> INPUT DATA:
************

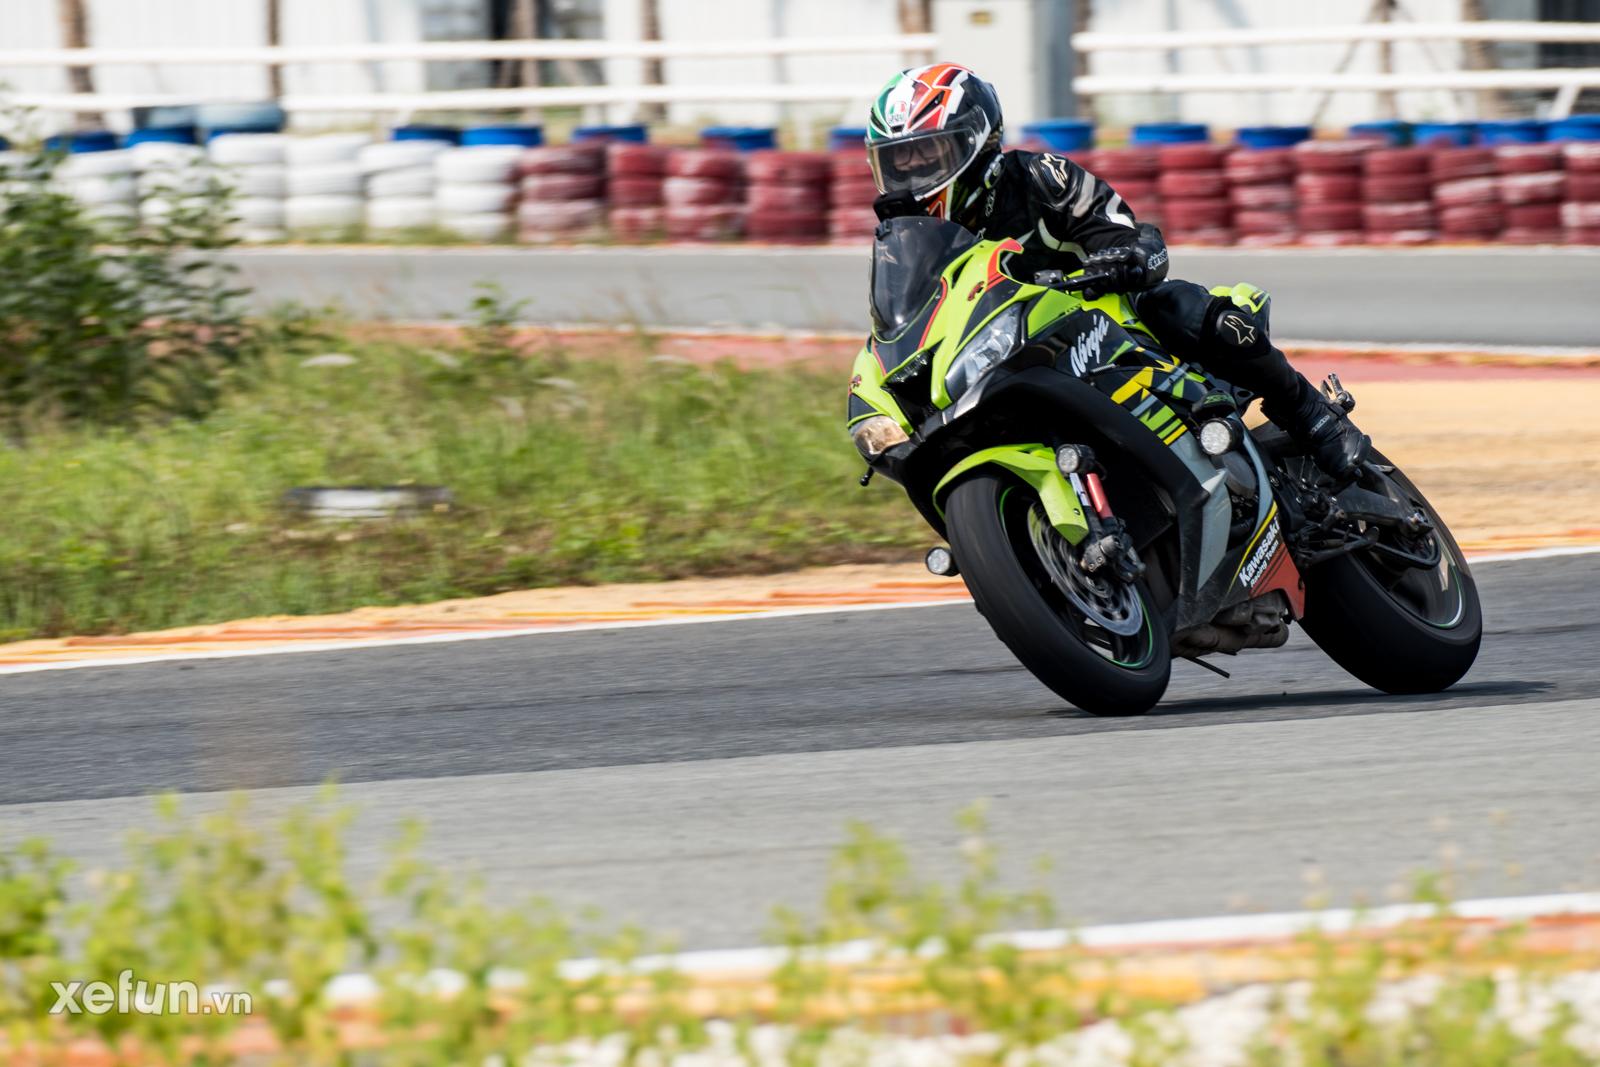 Các tay đua nài xe phân khối lớn PKL BMW S1000RR Ducati Monster Kawasaki Ninja ZX10R tại Trường đua Đại Nam trên Xefun (1)t45y5
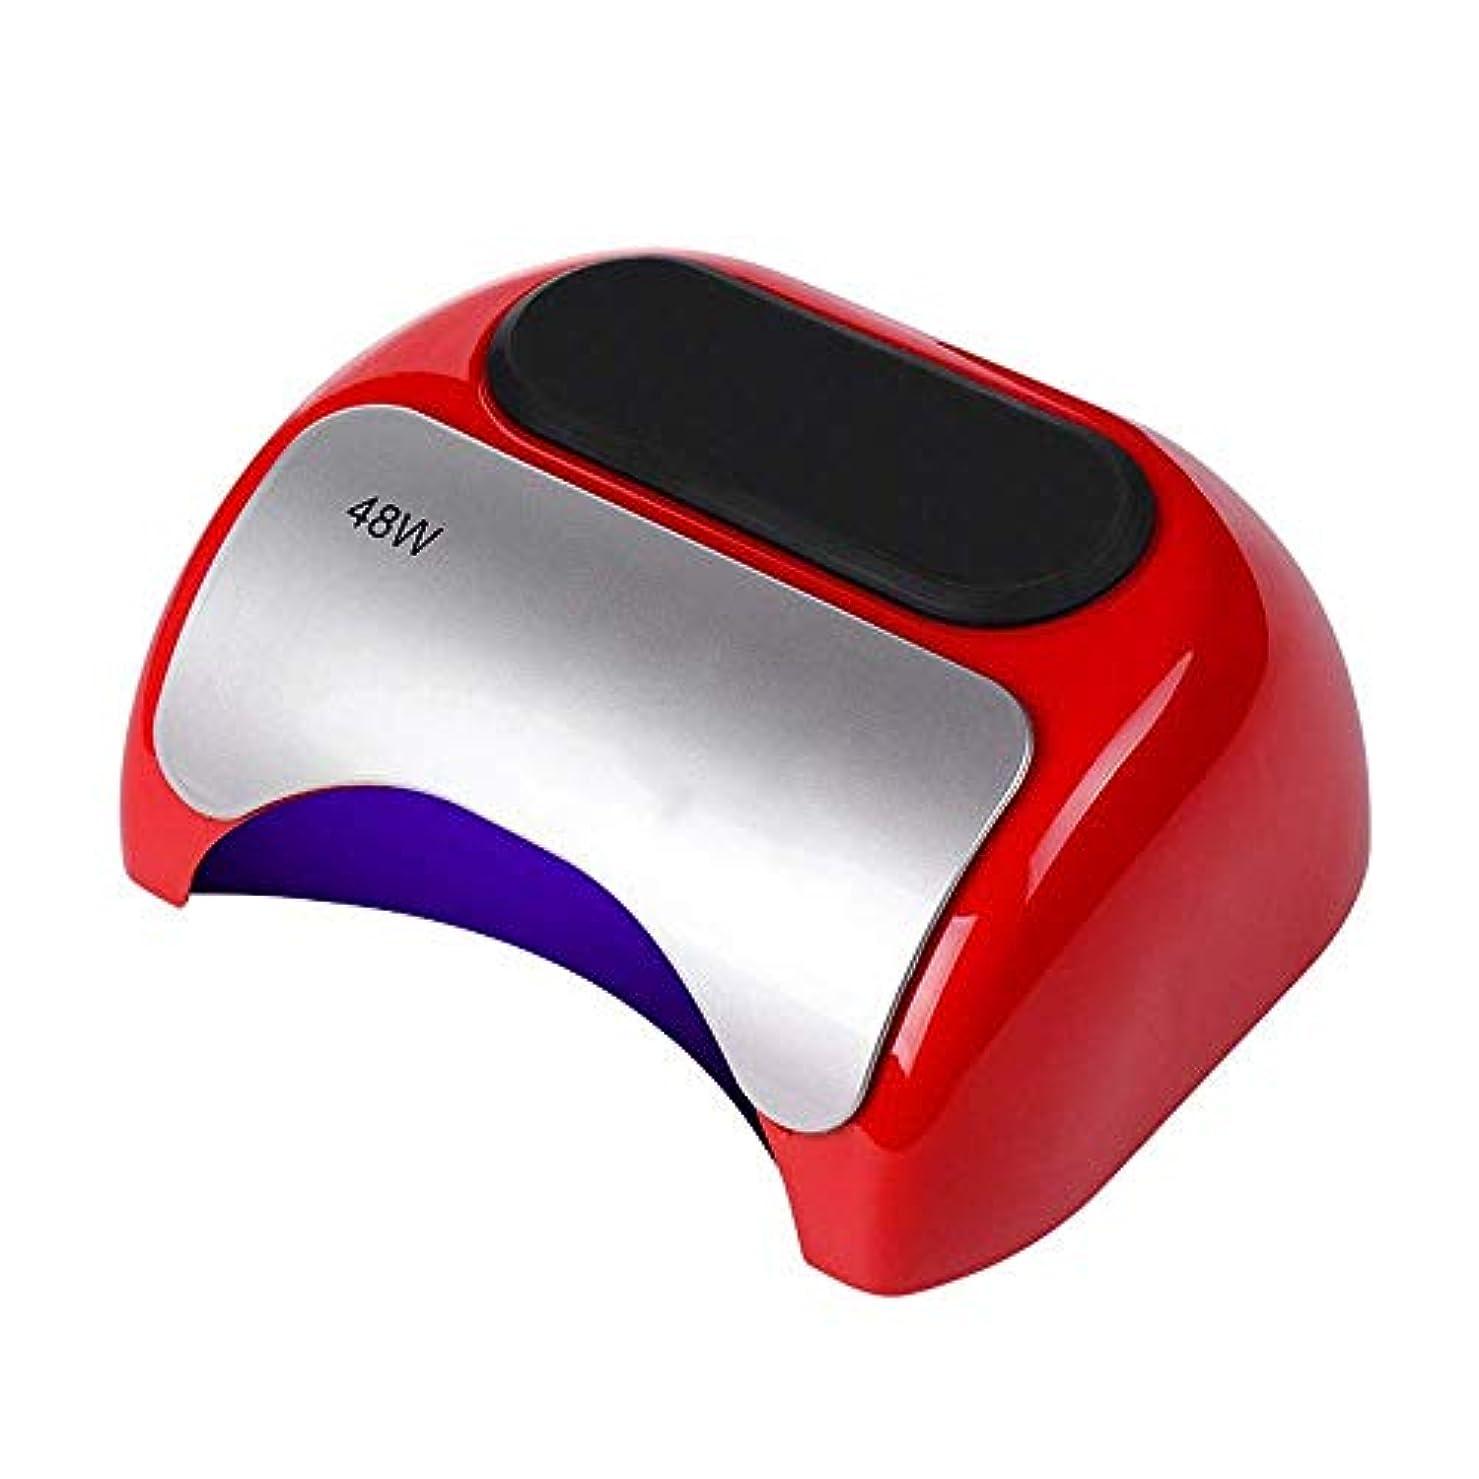 うがい電圧わがままDHINGM ネイルランプ、快適な非UVホワイトライト、目を傷つけることはありません、48W電源、15 UV + LEDデュアルLED光源、耐久性に優れたインテリジェントな自動センシングは、爪を傷つけることはありません
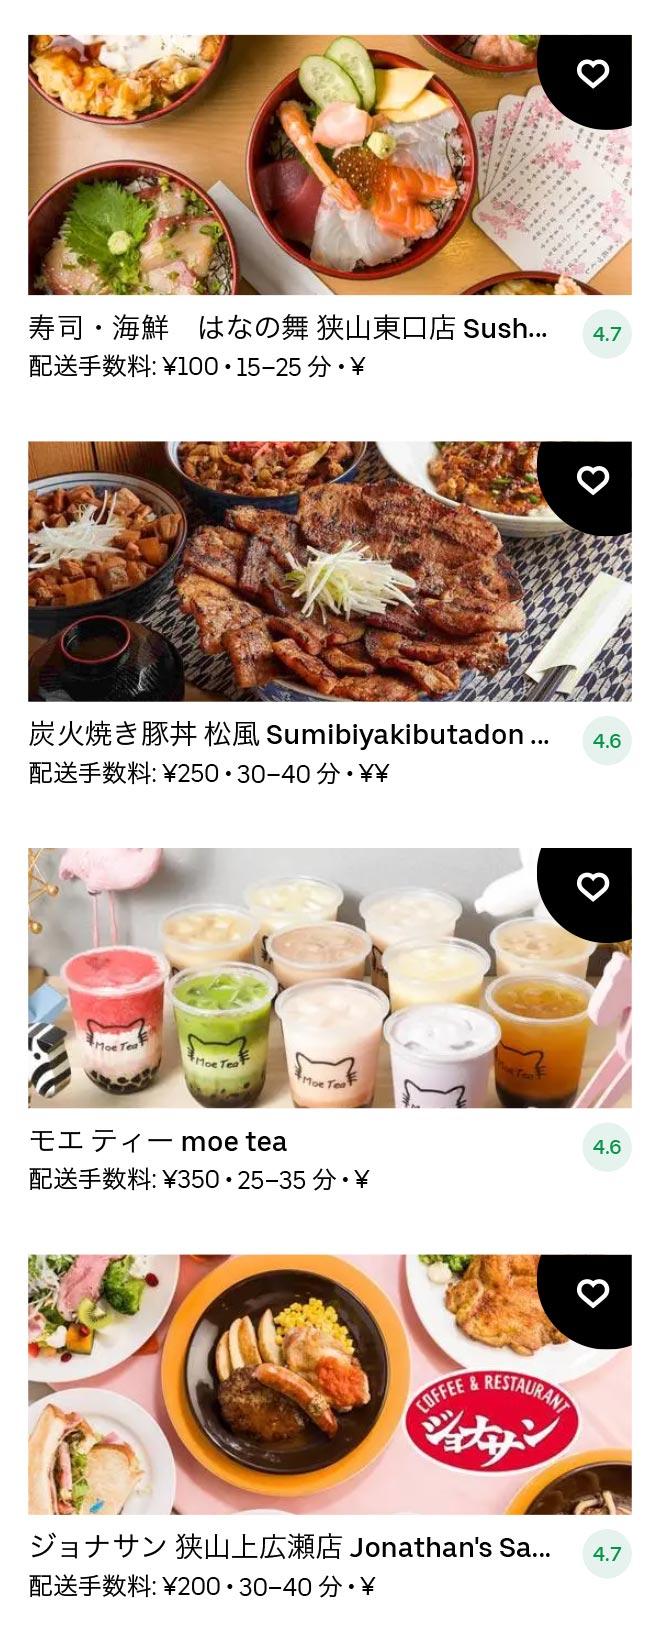 Sayama menu 2102 04
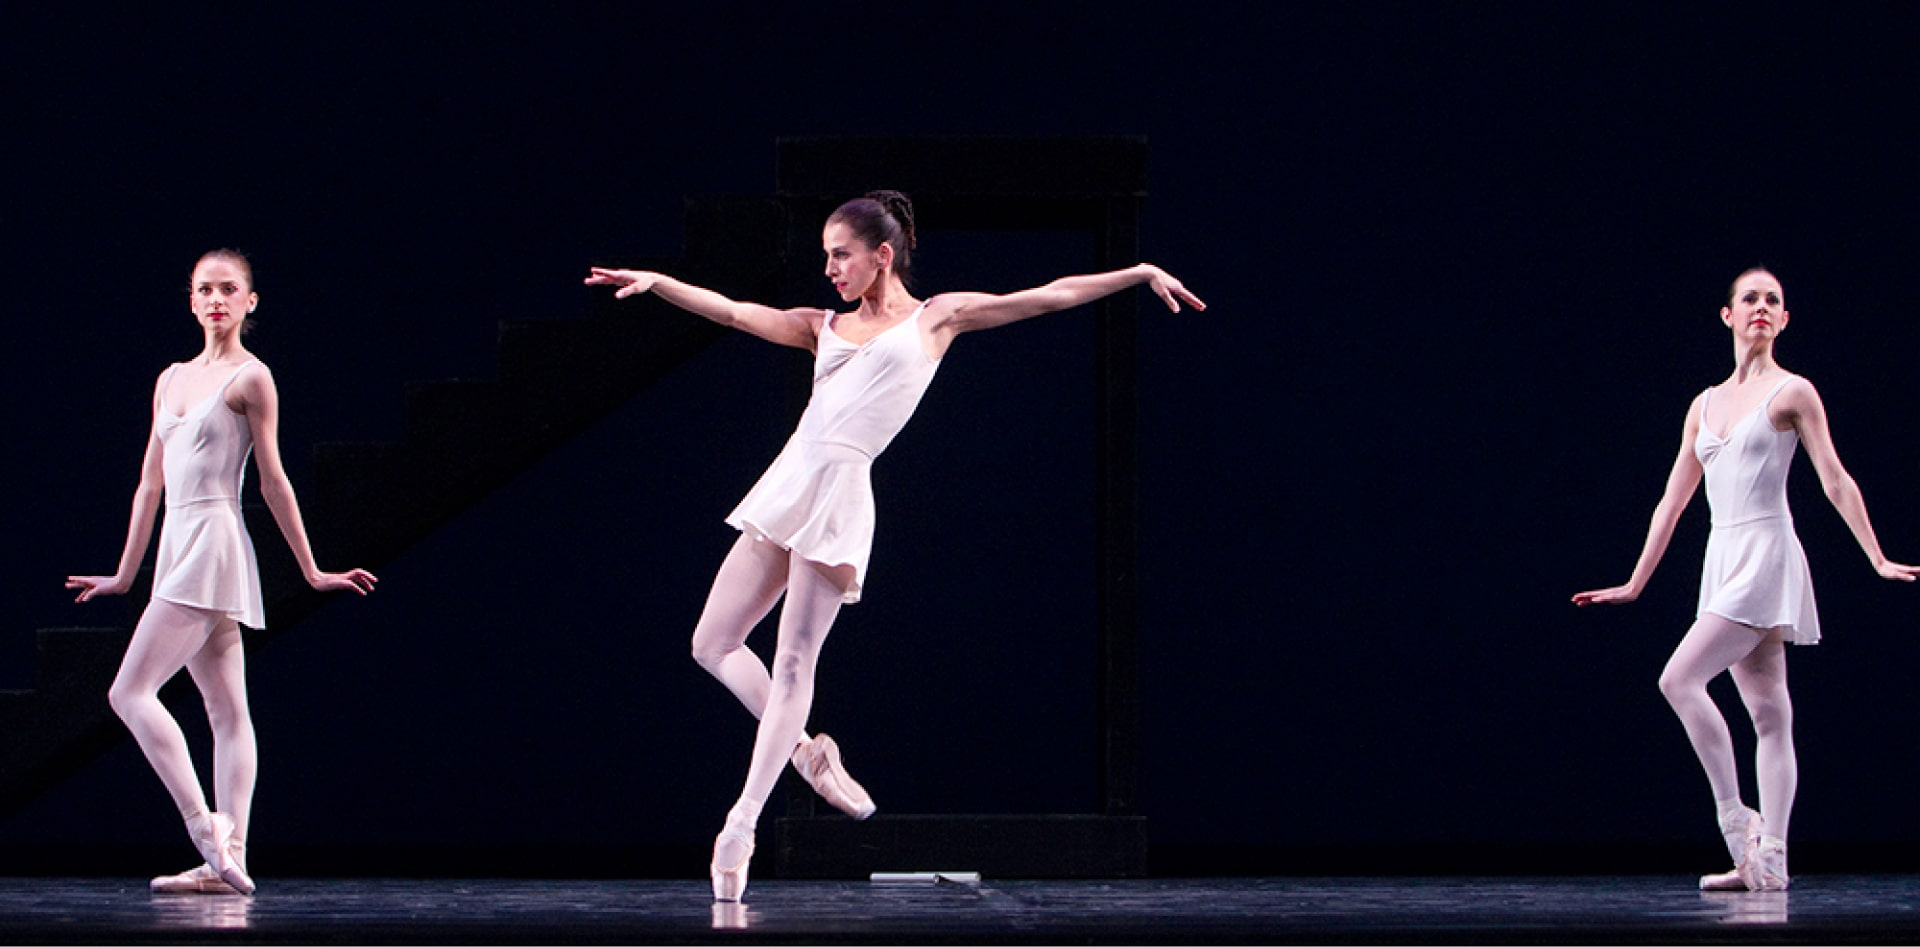 Three ballerinas in short white dresses hold angular poses against dark blue background.

************

> EXERCISE BRIEF: Quote exactly the lines from the line that contains "うがい電圧わがままDHINGM ネイルランプ、快適な非UVホワイトライト、目を傷つけることはありません、48W電源、15 UV" through the last line of the listing, please, leaving out all pictures.

> RESPONSE BELOW:
 うがい電圧わがままDHINGM ネイルランプ、快適な非UVホワイトライト、目を傷つけることはありません、48W電源、15 UV + LEDデュアルLED光源、耐久性に優れたインテリジェントな自動センシングは、爪を傷つけることはありません
 Sayama menu 2102 04
 Three ballerinas in short white dresses hold angular poses against dark blue background.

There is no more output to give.